It is the focus on death that has made me think a lot about impermanence. Rev. Alison preached on Buddhism earlier this month and the gifts that tradition offers us. Change is always a part of life. And perhaps it is just the nature of the times we are in that so much seems in flux. There is just so much that is unknown and so unpredictable. Is the spiritual task to settle into that? To be present with what is here before us in this present moment?

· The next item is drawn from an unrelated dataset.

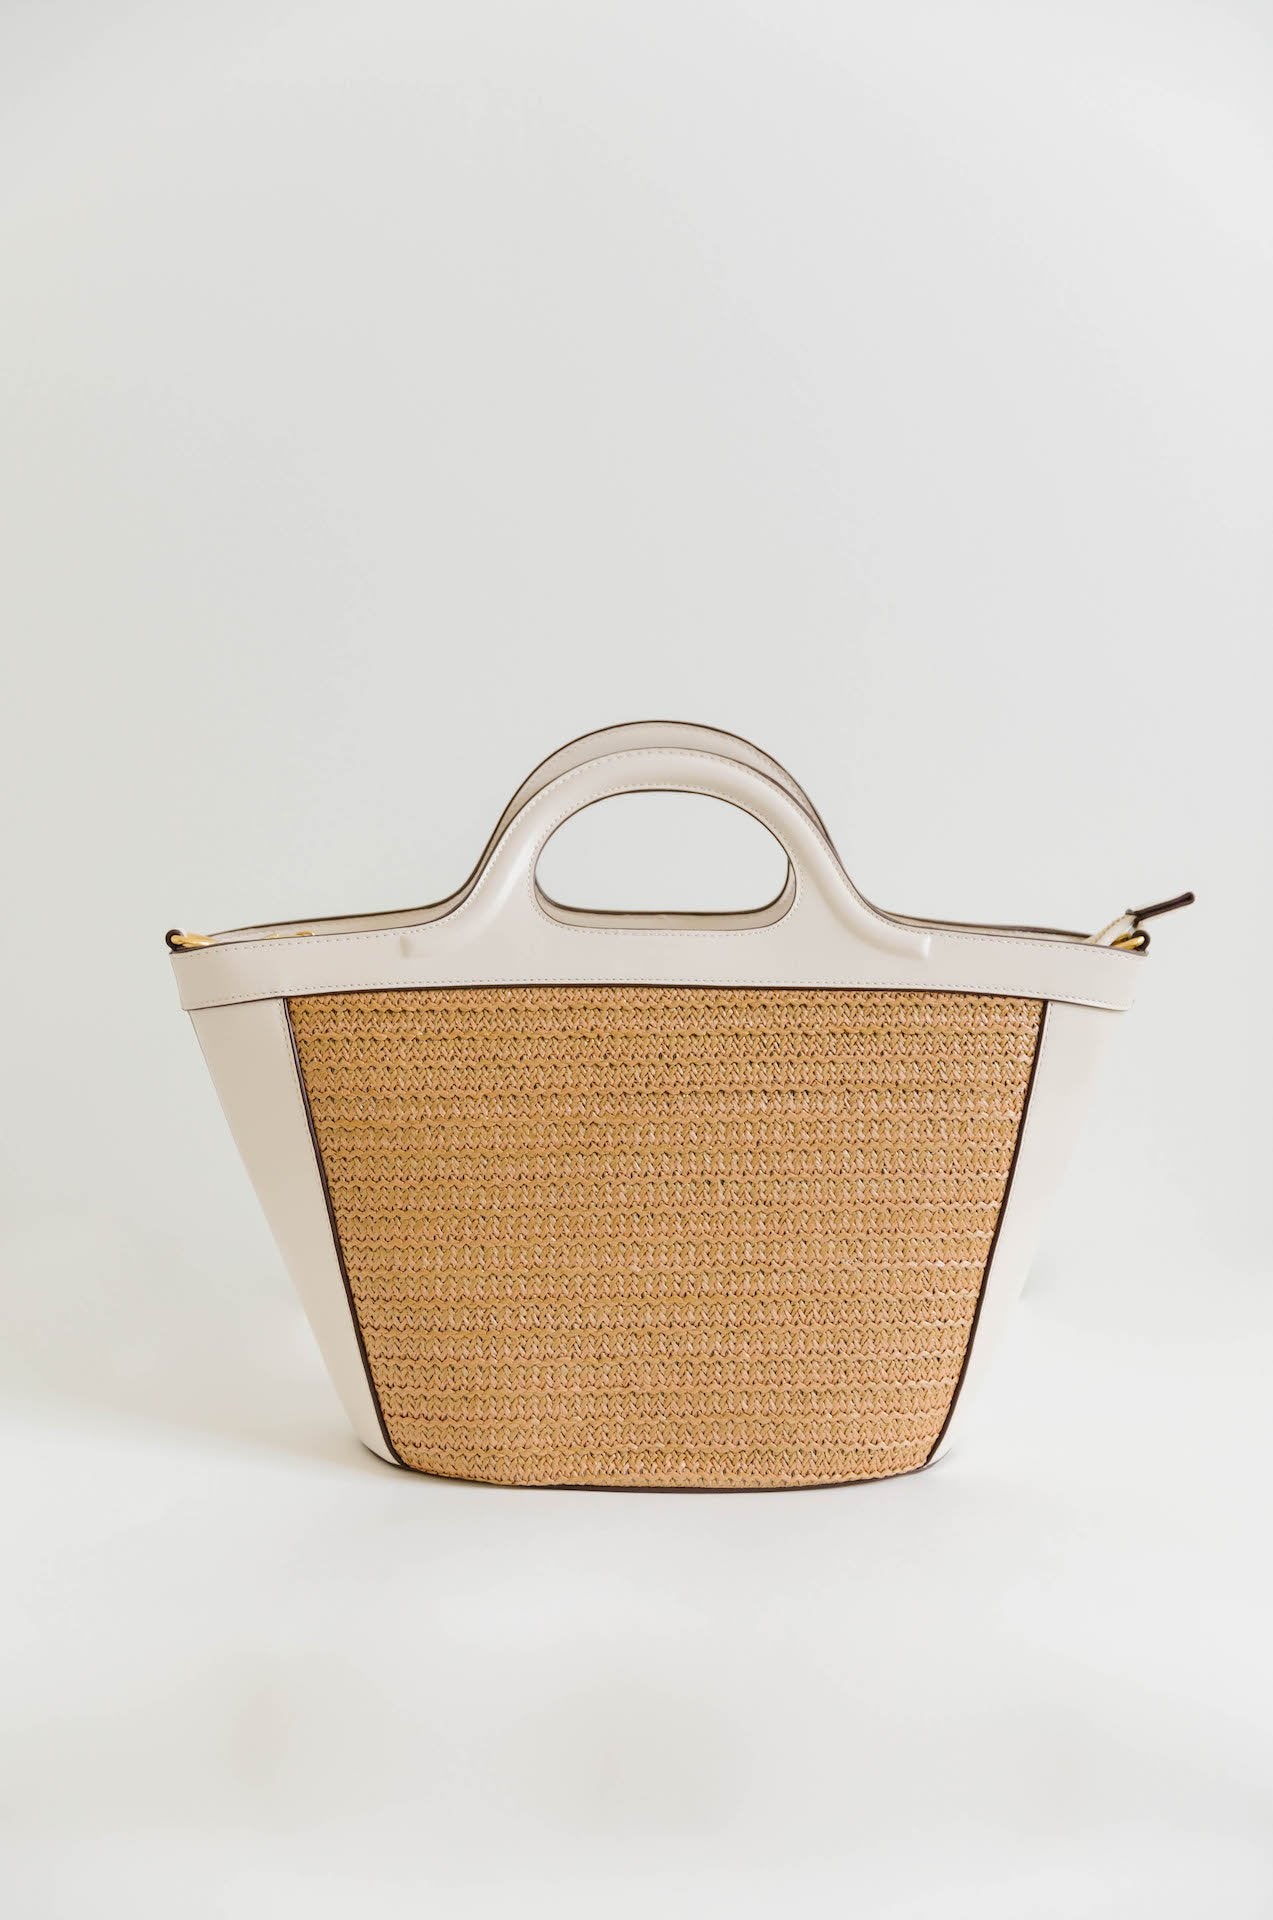 raffia wicker woven vegan leather spring and summer tote bag

What I keep learning over and over again is that call to be in here and how and to bear witness to the life around us. This week the daylight savings time change has felt disruptive. This spring one where we lose an hour especially so. At first I found myself kind of cranky about it all. But with a couple days to let the change sink in now I have come to see the longer time of light later in the day as a gift. And it has been the best kind of gift—unexpected. Wherever we find ourselves may we do what we can to stay in that present moment. And in that moment may we get whatever it is we need.

Here’s a poem by Maya Stein that has recently come my way.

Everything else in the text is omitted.